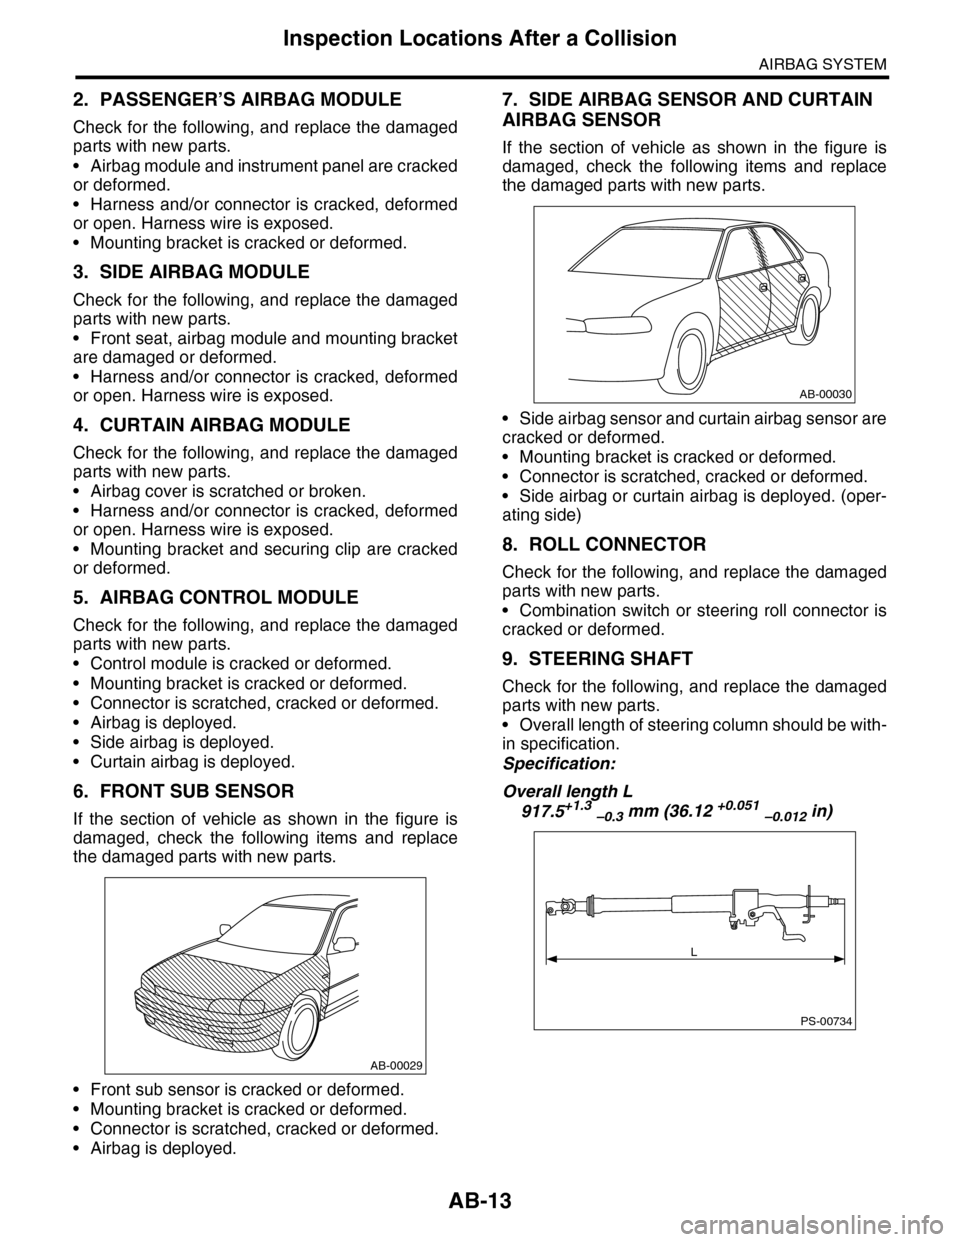 SUBARU TRIBECA 2009 1.G Service Workshop Manual AB-13
Inspection Locations After a Collision
AIRBAG SYSTEM
2. PASSENGER’S AIRBAG MODULE
Check for the following, and replace the damaged
parts with new parts.
•Airbag module and instrument panel a
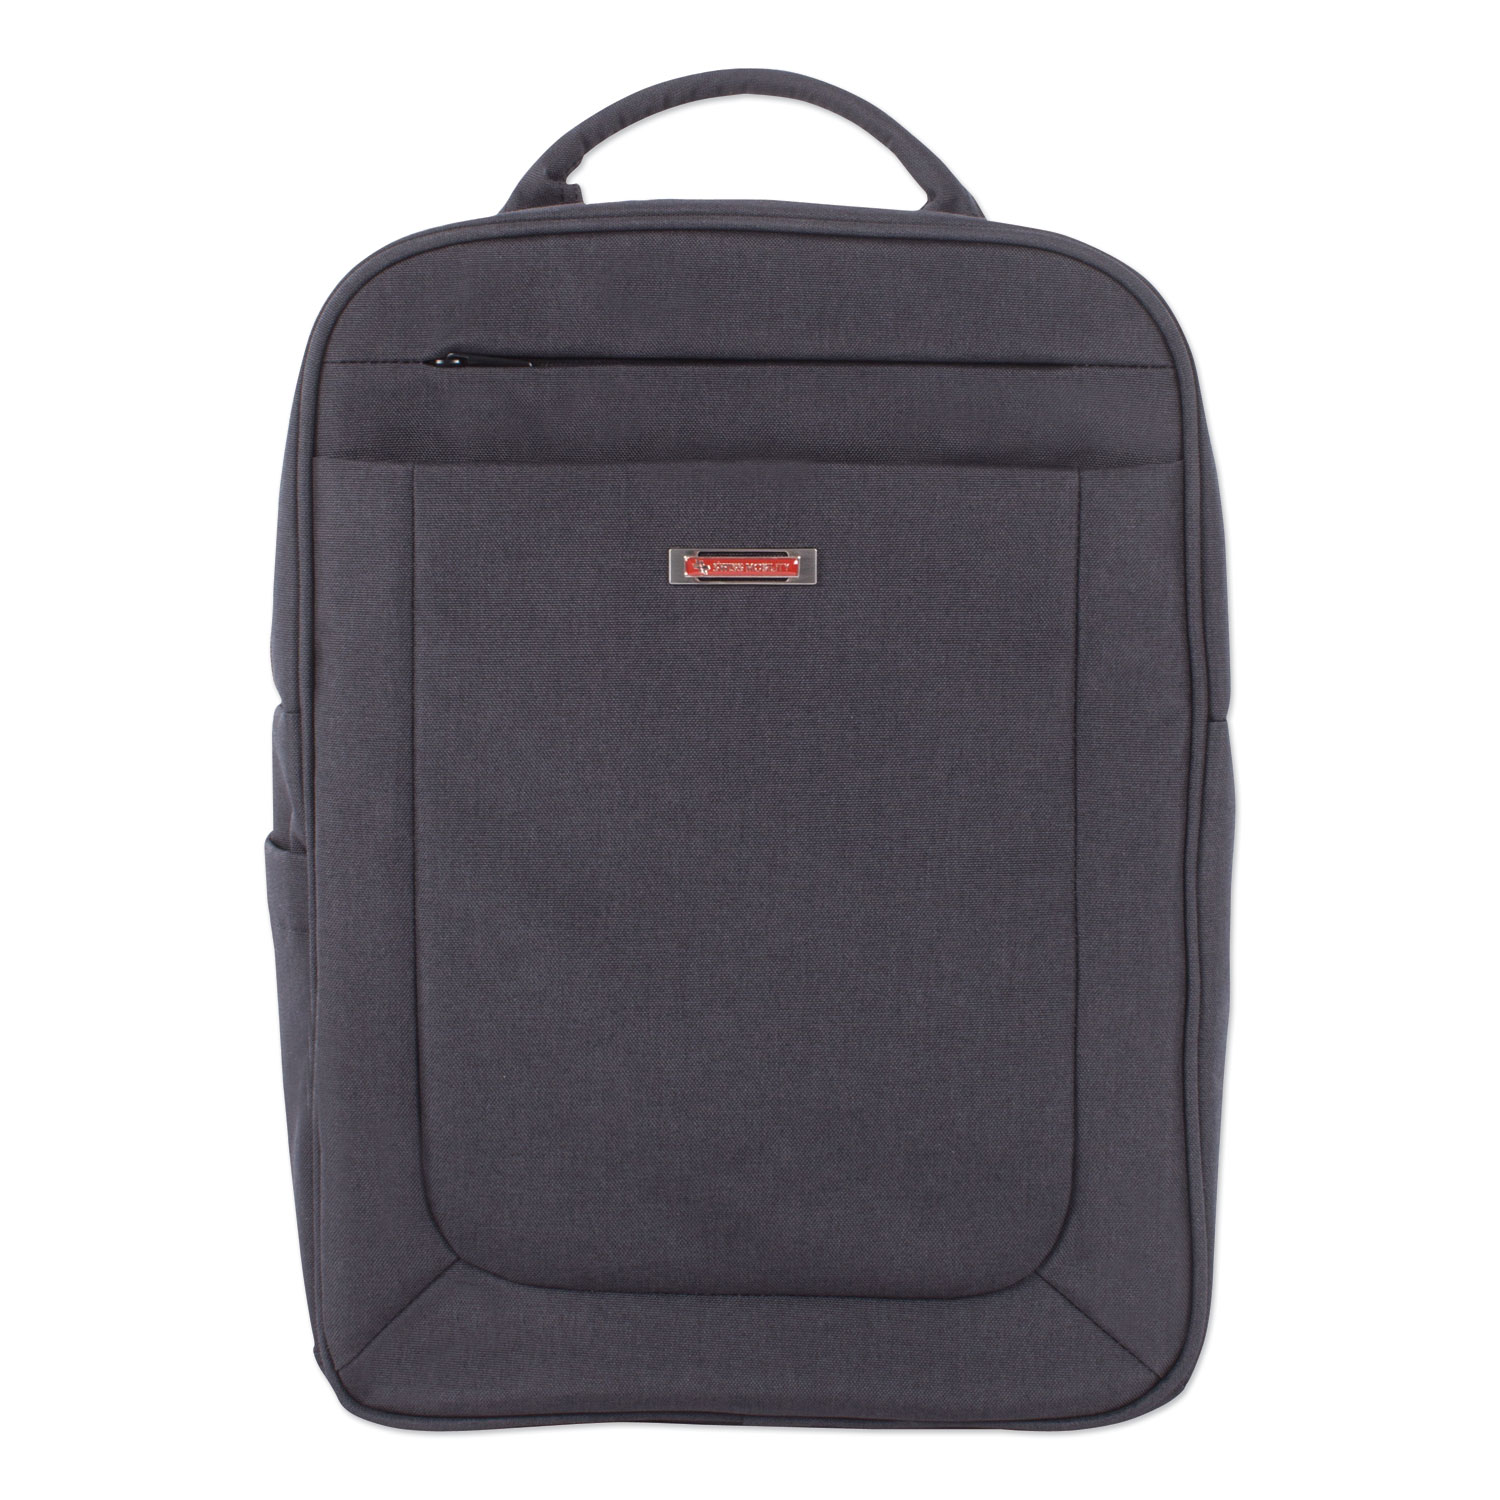  Swiss Mobility BKP1012SMCH Cadence 2 Section Business Backpack, For Laptops 15.6, 6 x 6 x 17, Charcoal (SWZBKP1012SMCH)

== == ==

WORK ITEM: Output each line exactly as shown above; no pictures go in the copy.

RESULT OF THIS TASK:
 SUBARU TRIBECA 2009 1.G Service Workshop Manual AB-13
Inspection Locations After a Collision
AIRBAG SYSTEM
2. PASSENGER’S AIRBAG MODULE
Check for the following, and replace the damaged
parts with new parts.
•Airbag module and instrument panel a
  Swiss Mobility BKP1012SMCH Cadence 2 Section Business Backpack, For Laptops 15.6, 6 x 6 x 17, Charcoal (SWZBKP1012SMCH)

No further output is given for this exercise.